Characterizations of Populations Using Regression Properties

Abstract

In the present work, we study characterizations of populations obtained by using regression properties of one statistic on another. We extend some of the results of Lukacs and Laha by considering the cubic regression (polynomial regression of order 3) of a cubic statistic $S$ on a linear one $L$. This assumption of cubic regression is used to derive a third order non-linear differential equation in the characteristic function $h(t)$ of a set of $n$ independently and identically distributed random variables. The coefficients in this differential equation represent certain fixed relationships between the coefficients of the statistic $S$ and the regression coefficients.

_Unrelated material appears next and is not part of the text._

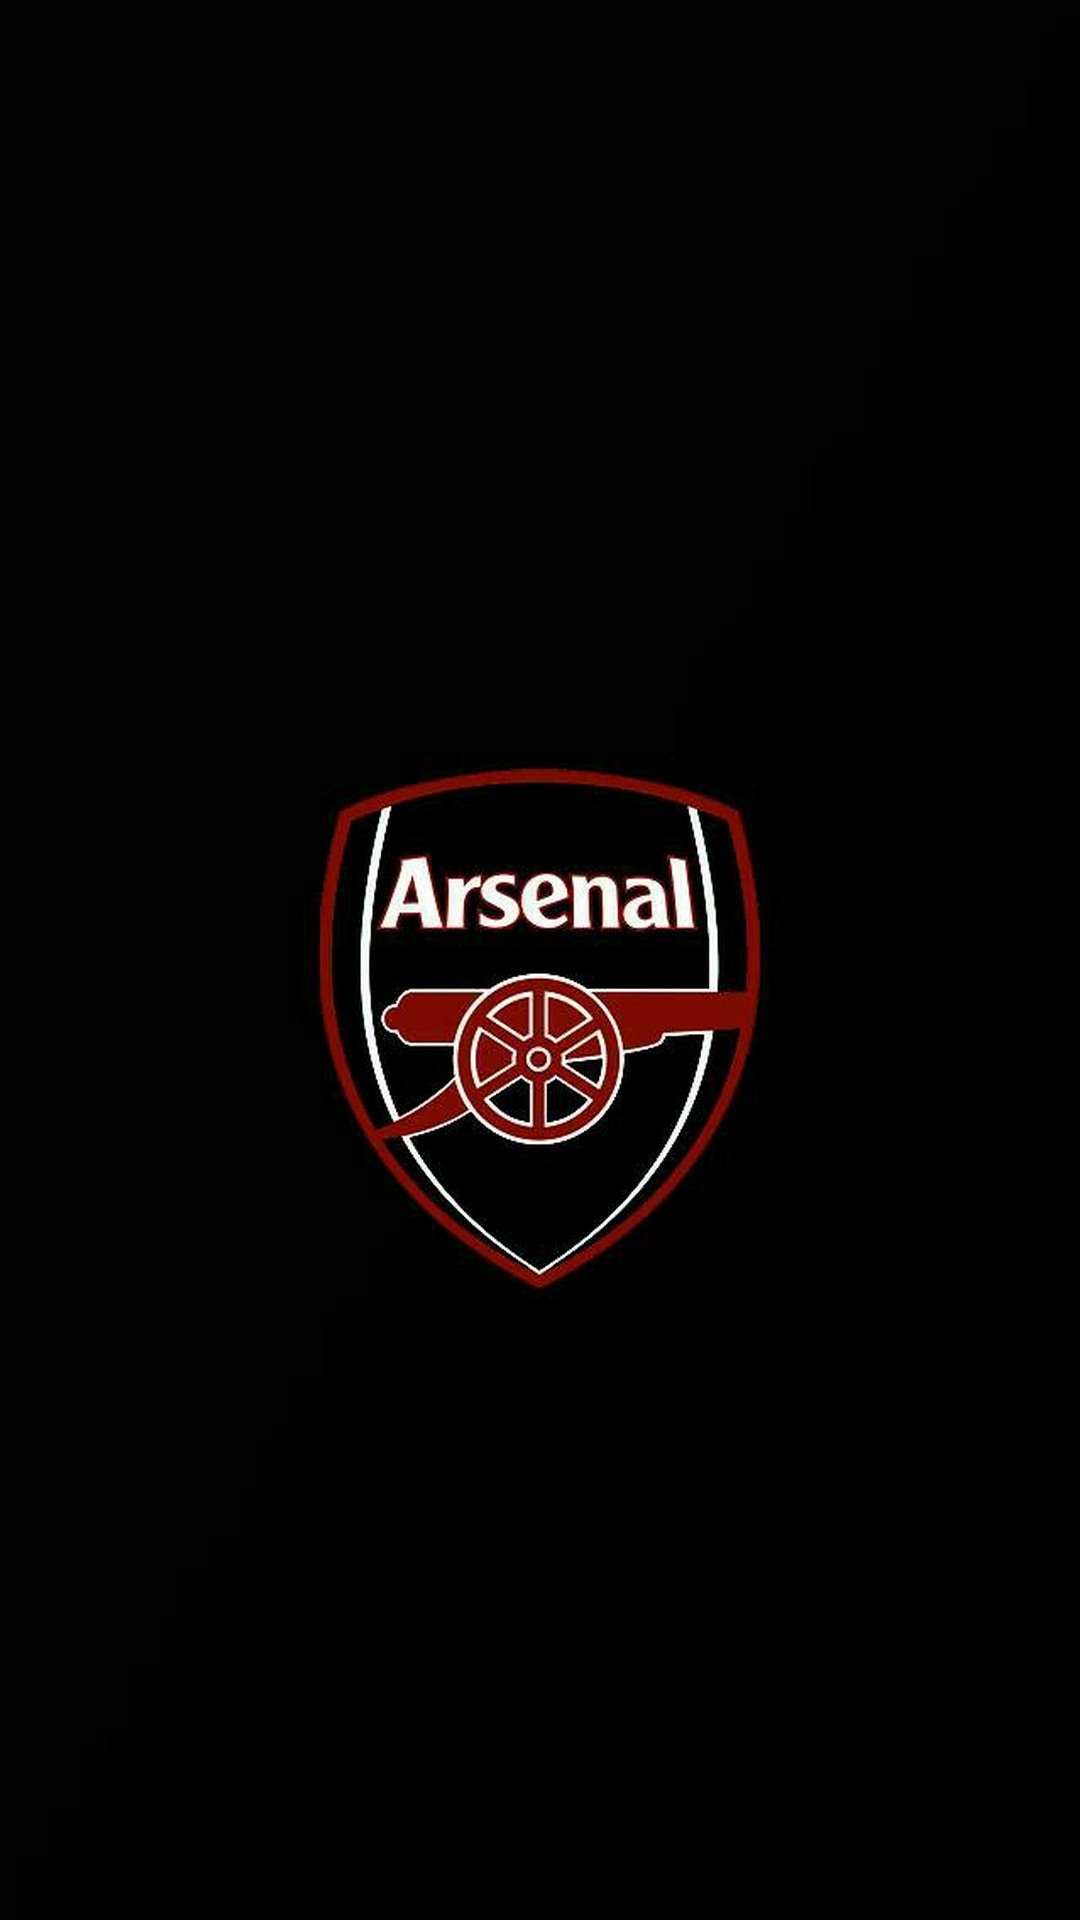 Arsenal FC Wallpaper Android with HD resolution 1080x1920

For appropriate choices of the coefficients in the fundamental differential equation, the resulting equation can be solved to yield the characteristic function of a particular distribution. In this way, we are able to obtain a series of characterization theorems for each of a variety of populations including Normal, Gamma, Binomial, Poisson, Geometric and several others. Moreover, all of the results obtained by Lukacs and Laha for characterizing populations using quadratic and constant regression are shown to be special cases of the theorems obtained in the present work. Finally, in the last section, we present an outline of a technique which can be used to study any general $r \leqq m$th order polynomial regression of any $m$th order statistic on a linear one. The approach used to generate the $m$th order differential equation is indicated and a method for determining the appropriate conditions on the coefficients is discussed.